Is there a role for lipolysis in RictorAdipoq-cre mice? We did not detect a lipolysis defect in primary cells suggesting altered lipolysis may not be a primary effect of Rictor loss. However, tissue explants from the RictorAdipoq-cre mice exhibit an increase in glycerol release suggesting elevated lipolysis likely contributes eventually to the in vivo RictorAdipoq-cre phenotype. Elevated lipolysis would increase FA flux to the liver, which was recently shown to be a mechanism of impairing HGP45. Notably, a recent reevaluation of the literature reveals that insulin resistance exists in human obesity without elevated FFAs, and that elevated FFAs do not necessarily cause insulin resistance46. Moreover, mice consuming a HFD for only a few days have impaired glucose uptake into fat and impaired HGP without altered plasma FFA levels or reduced muscle glucose uptake, and without inflammation or altered adipokine secretion10. Nevertheless, the use of inducible KO models and in vivo metabolomics is required to define progressively the pathogenesis of hepatic insulin resistance in RictorAdipoq-cre mice.

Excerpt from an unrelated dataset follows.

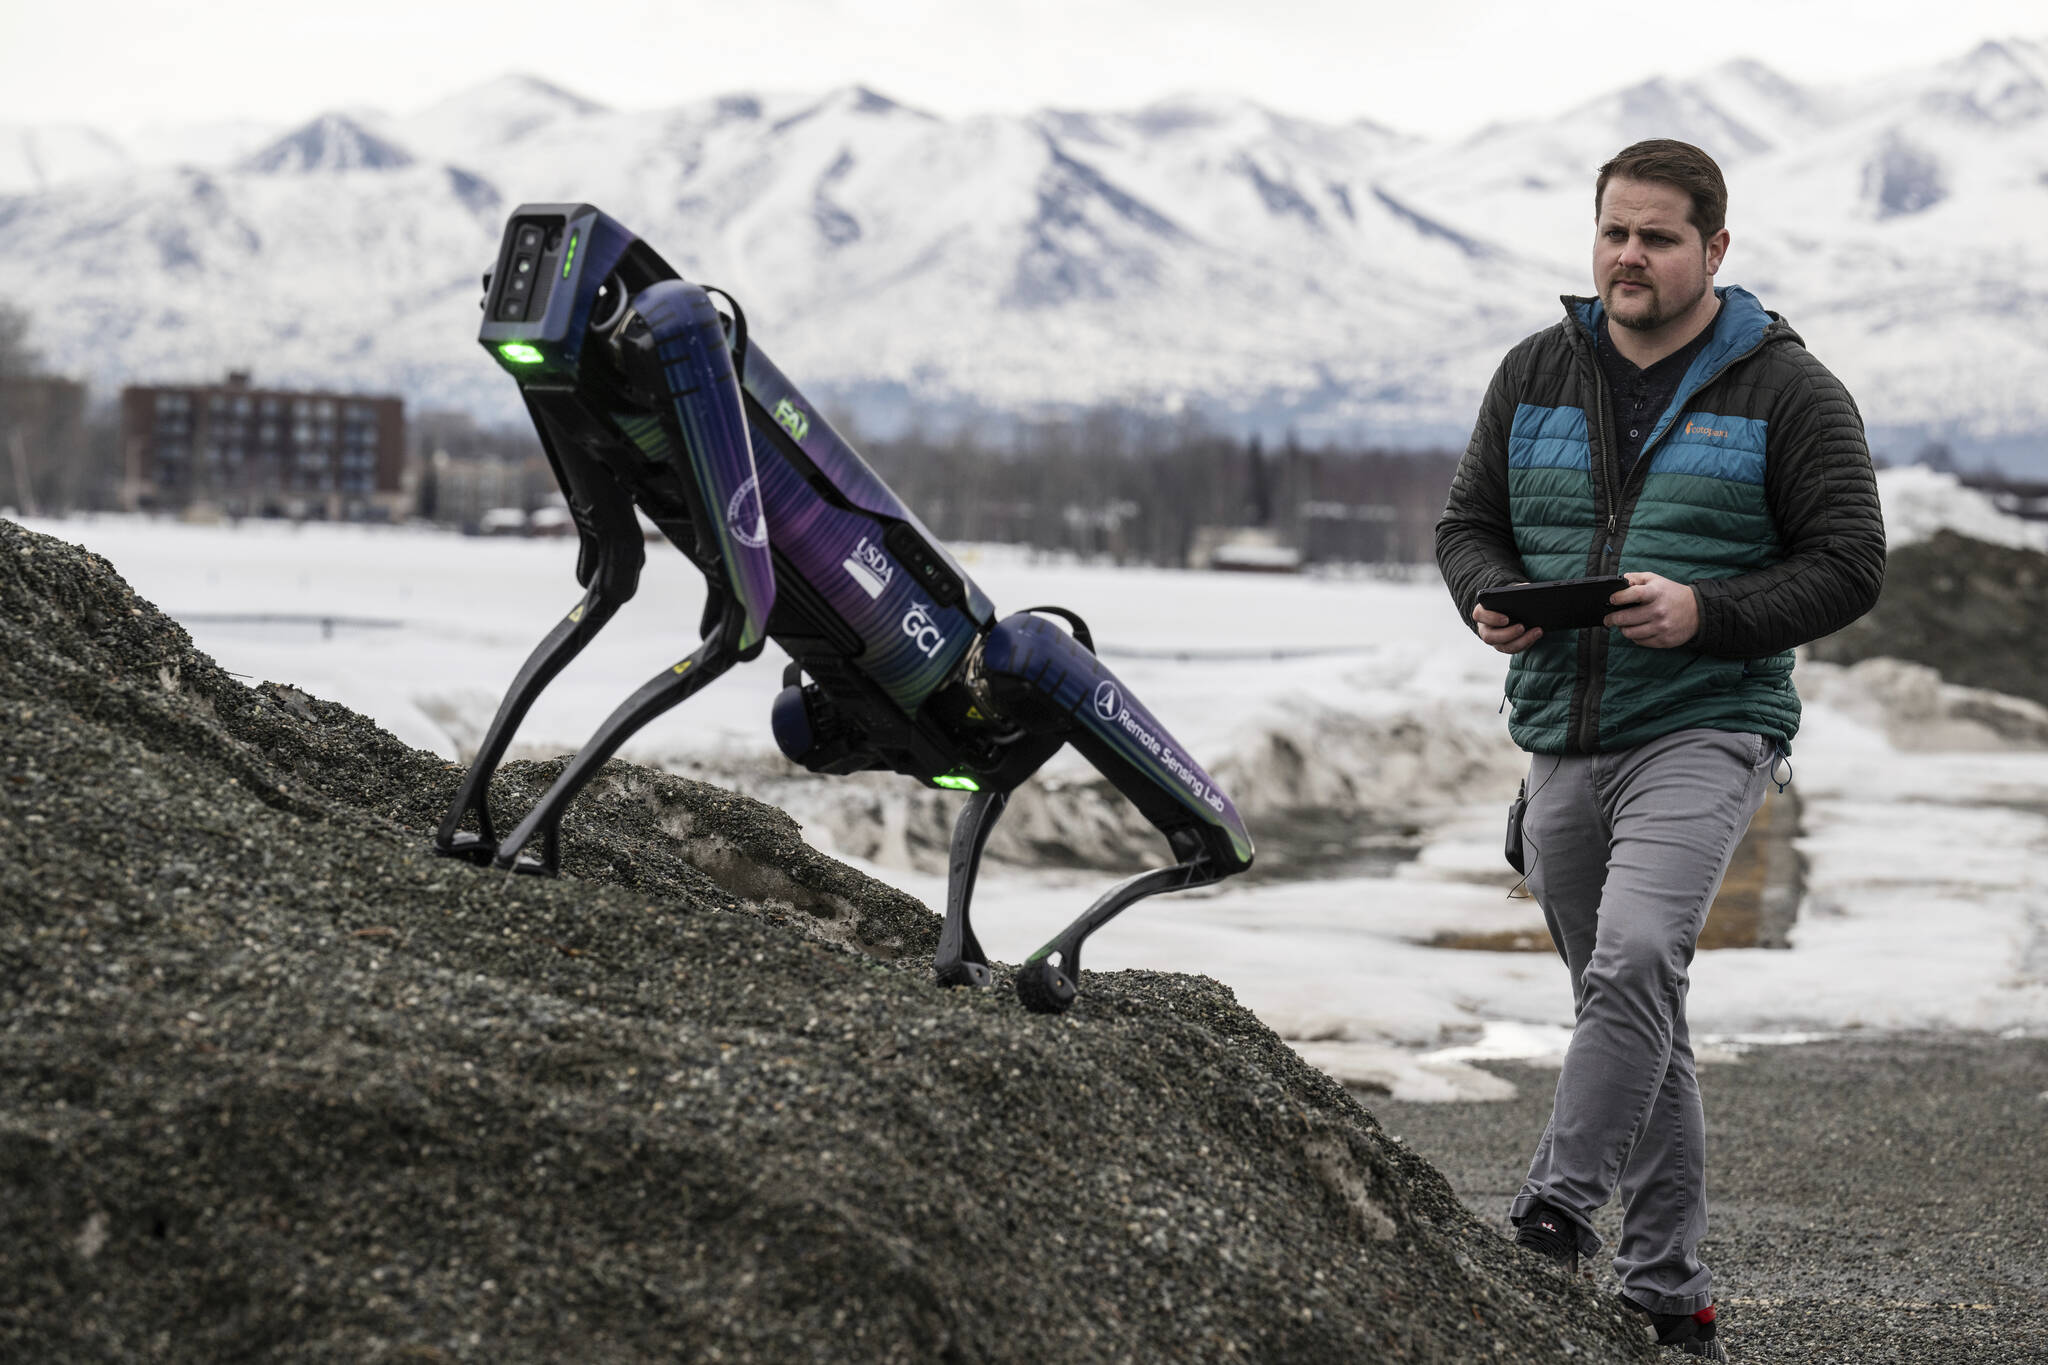 Alaska Department of Transportation program manager Ryan Marlow demonstrates the agency’s robotic dog in Anchorage on March 26. The device will be camouflaged as a coyote or fox to ward off migratory birds and other wildlife at Alaska’s second-largest airport, the DOT said. (Marc Lester/Anchorage Daily News via AP)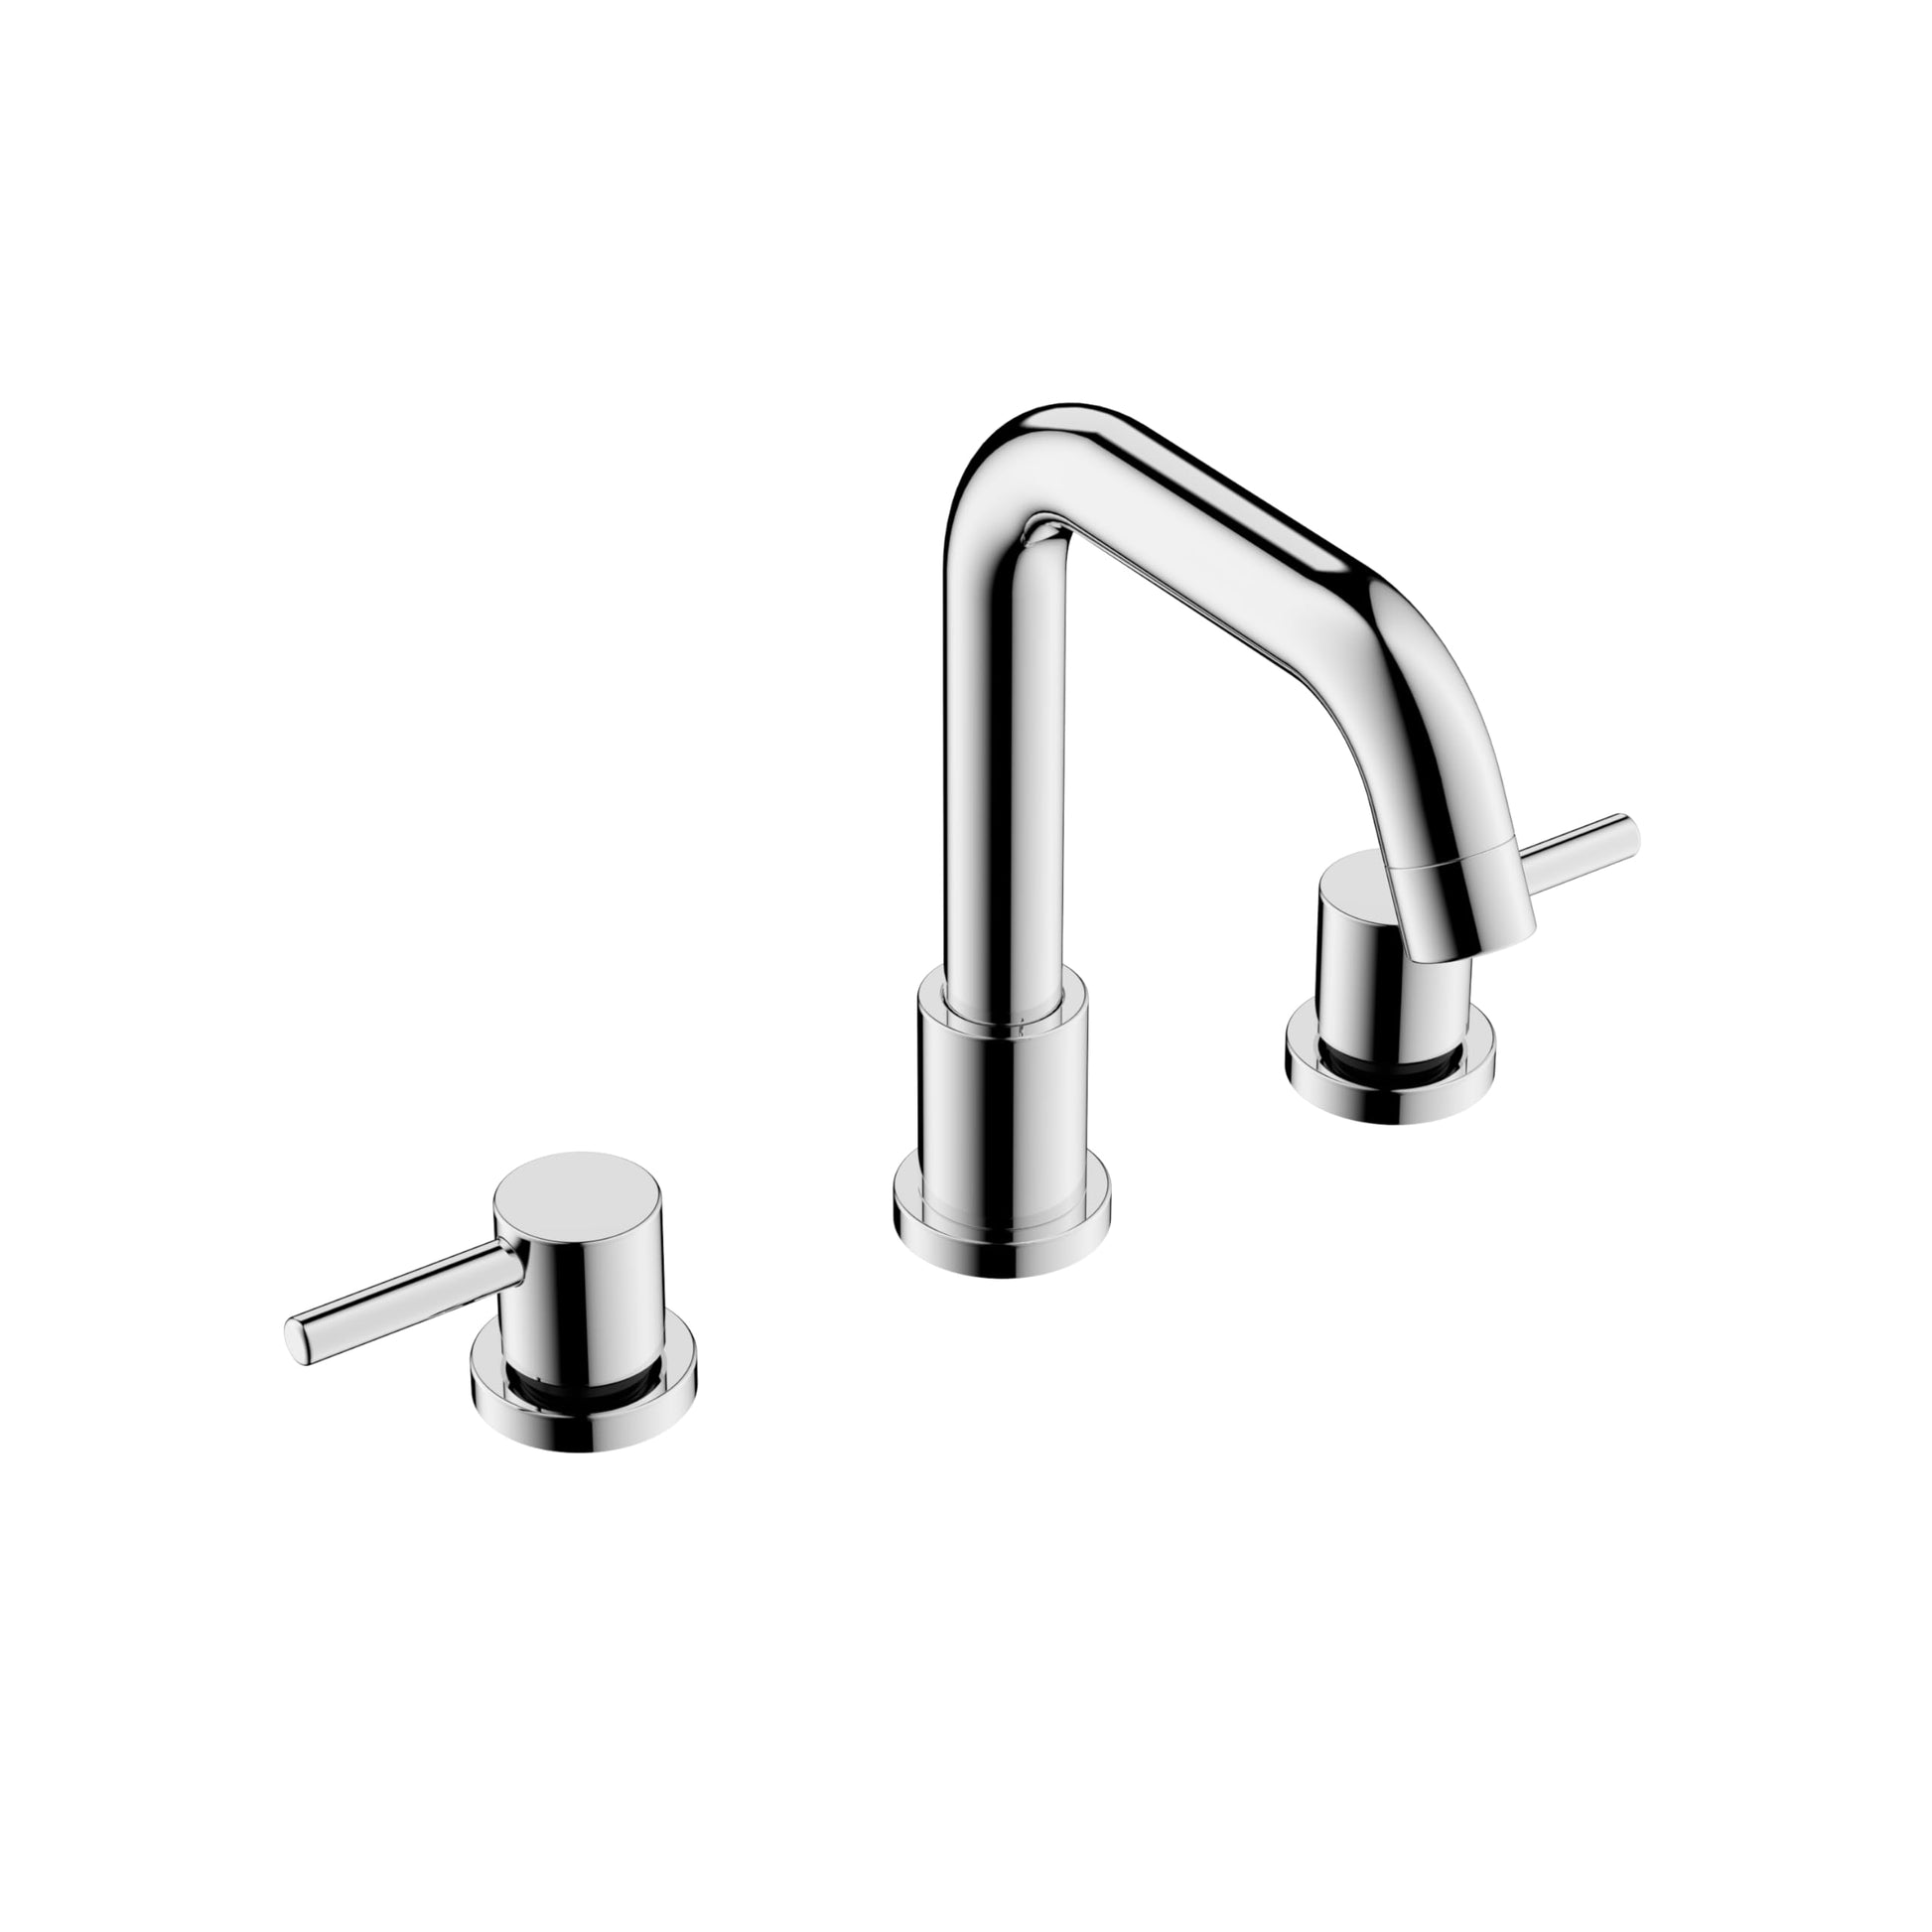 Bathroom Faucets for Sink 3 Hole - Chrome Bathroom Faucet with Pop-up Drain, 8 Inch Widespread Bathroom Sink Faucet 2-Handles, Modern Vanity Faucet with Supply Lines

A complication after organ transplantation is a syndrome called new onset diabetes after transplantation47,48. Immunosuppressants such as rapamcyin associate with new onset diabetes after transplantation, and in rodent models, rapamycin causes glucose intolerance and insulin resistance49,50,51; however, the mechanism of rapamycin-induced metabolic disease is unresolved. Rapamycin's ability to inhibit hepatic mTORC2 may explain why it causes glucose intolerance because mice lacking hepatic Rictor but not Raptor are glucose intolerant52; however, hepatic Rictor-deficient mice have relatively normal insulin sensitivity indicating unknown extra-hepatic target(s) likely contribute to rapamycin-induced metabolic syndrome. Our genetic model suggests that targeting adipose tissue mTORC2 may be one mechanism by which rapamycin causes insulin resistance. However, rapamycin's effect on fat metabolism is likely complex and fully understanding it will require carefully analysing the acute and chronic effects of inhibiting each mTOR complex versus rapamycin in different fat depots.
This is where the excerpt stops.